Inside the code for Learner.predict
later, there’s a denormalising operation that’s happening which, if i understand correctly, is denormalising the image with imagenet_stats
.
What I’m unable to replicate without fastai
I can’t reproduce what’s happening in batch = framing.data.one_item(x)

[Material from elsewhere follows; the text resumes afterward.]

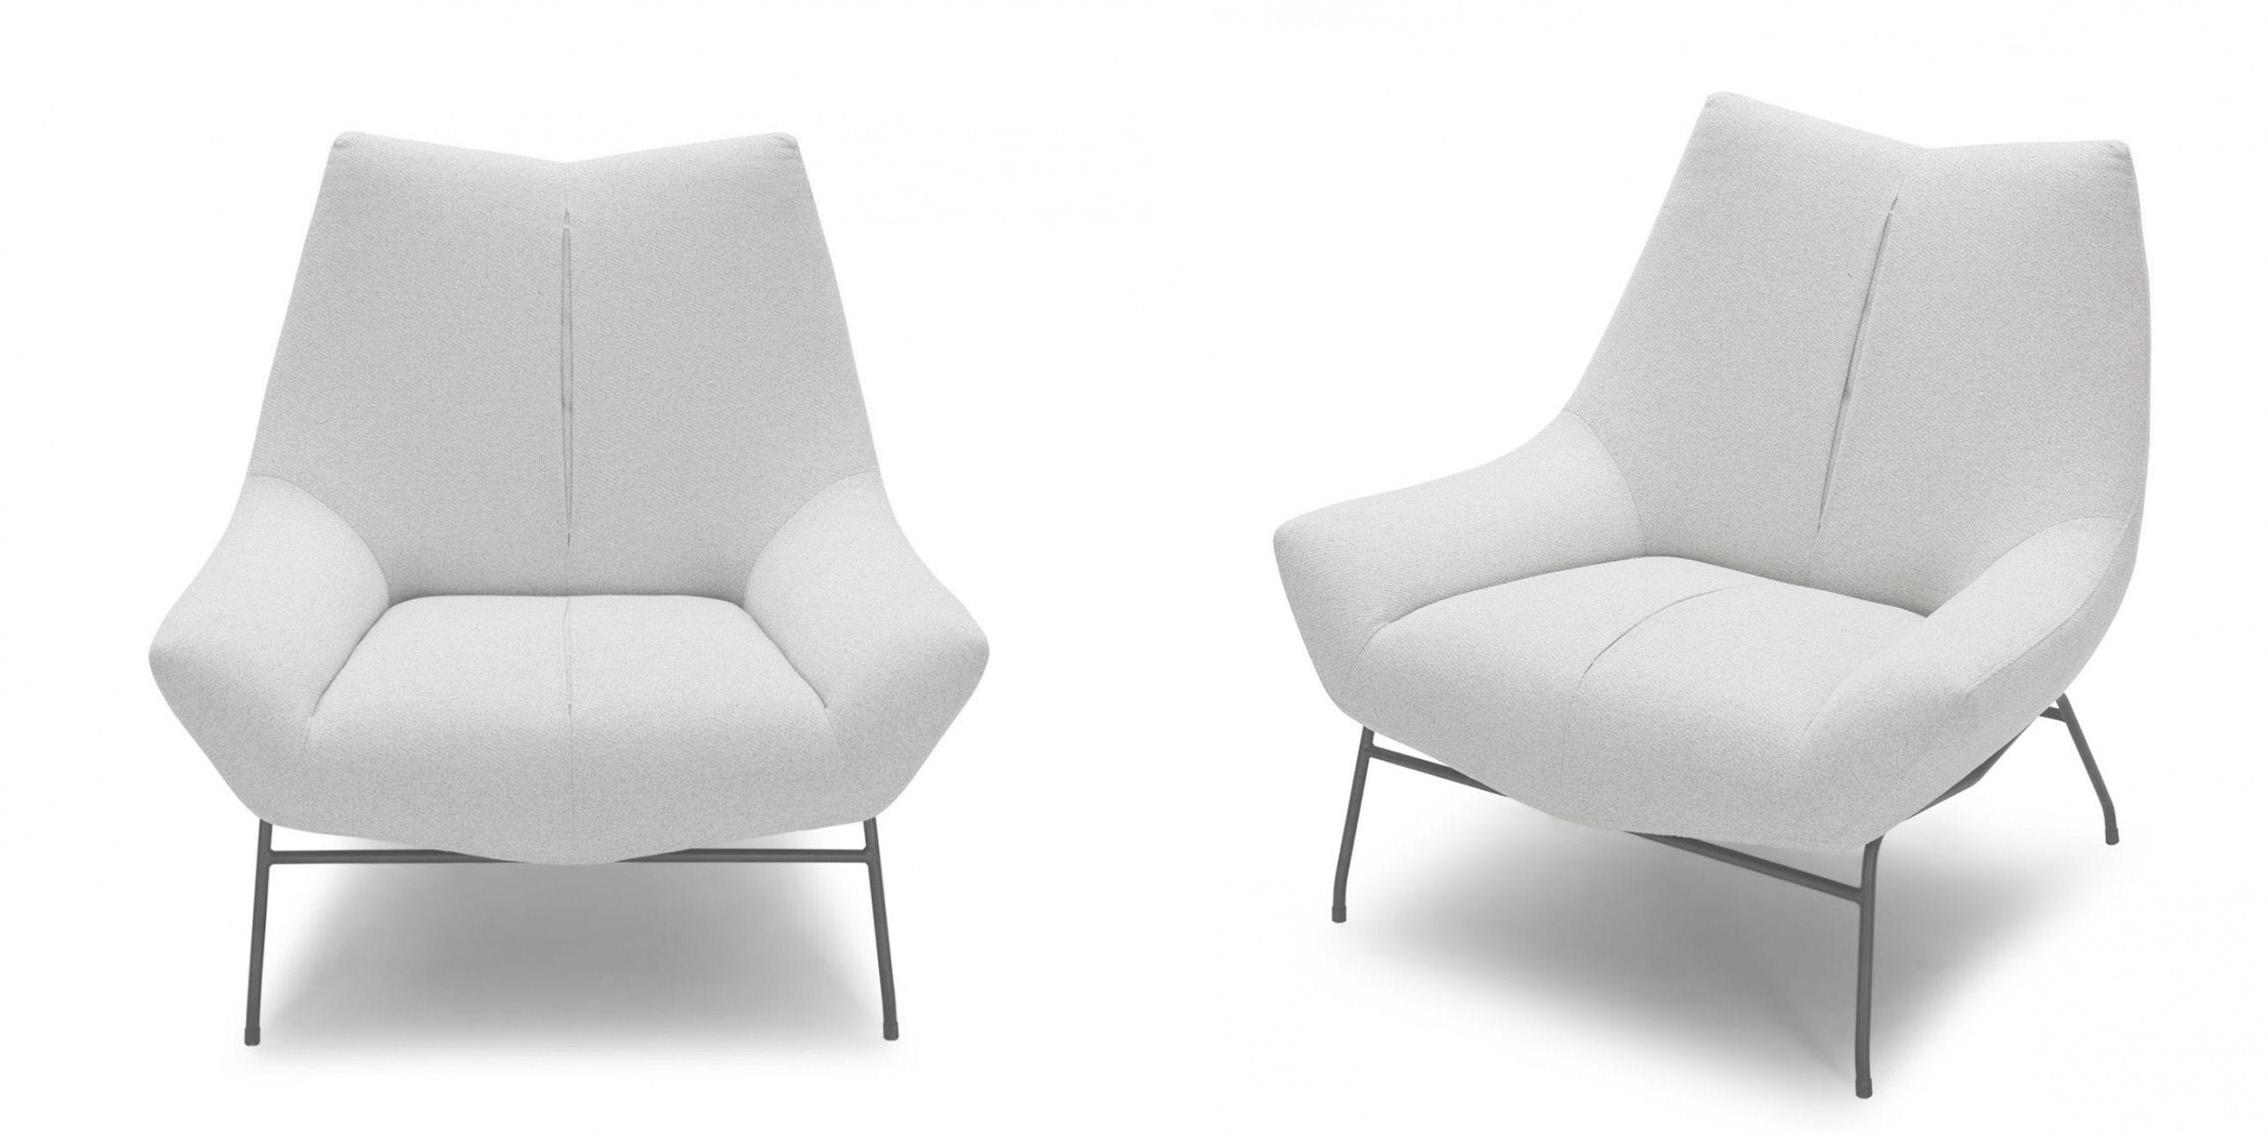 Contemporary, Modern Lounge Chair Set VGKKA1018-WHT-CH-Set-2 VGKKA1018-WHT-CH-Set-2 in White Fabric

. From the source code, of DataBunch.one_item
and DataBunch.one_batch
the operation translates to:
x = open_image(f)
ds = framing.data.single_ds
with ds.set_item(Image(x)):
dl = framing.data.dl(DatasetType.Single)
w = dl.num_workers
dl.num_workers = 0
try: x,y = next(iter(dl))
finally: dl.num_workers = w
# ...
If I follow correctly, with ds.set_item(Image(x))
calls a context manager which in turn calls framing.data.processor
(which is empty), but I’m simply unable to reproduce this.
Any help will be much appreciated!! Thank you.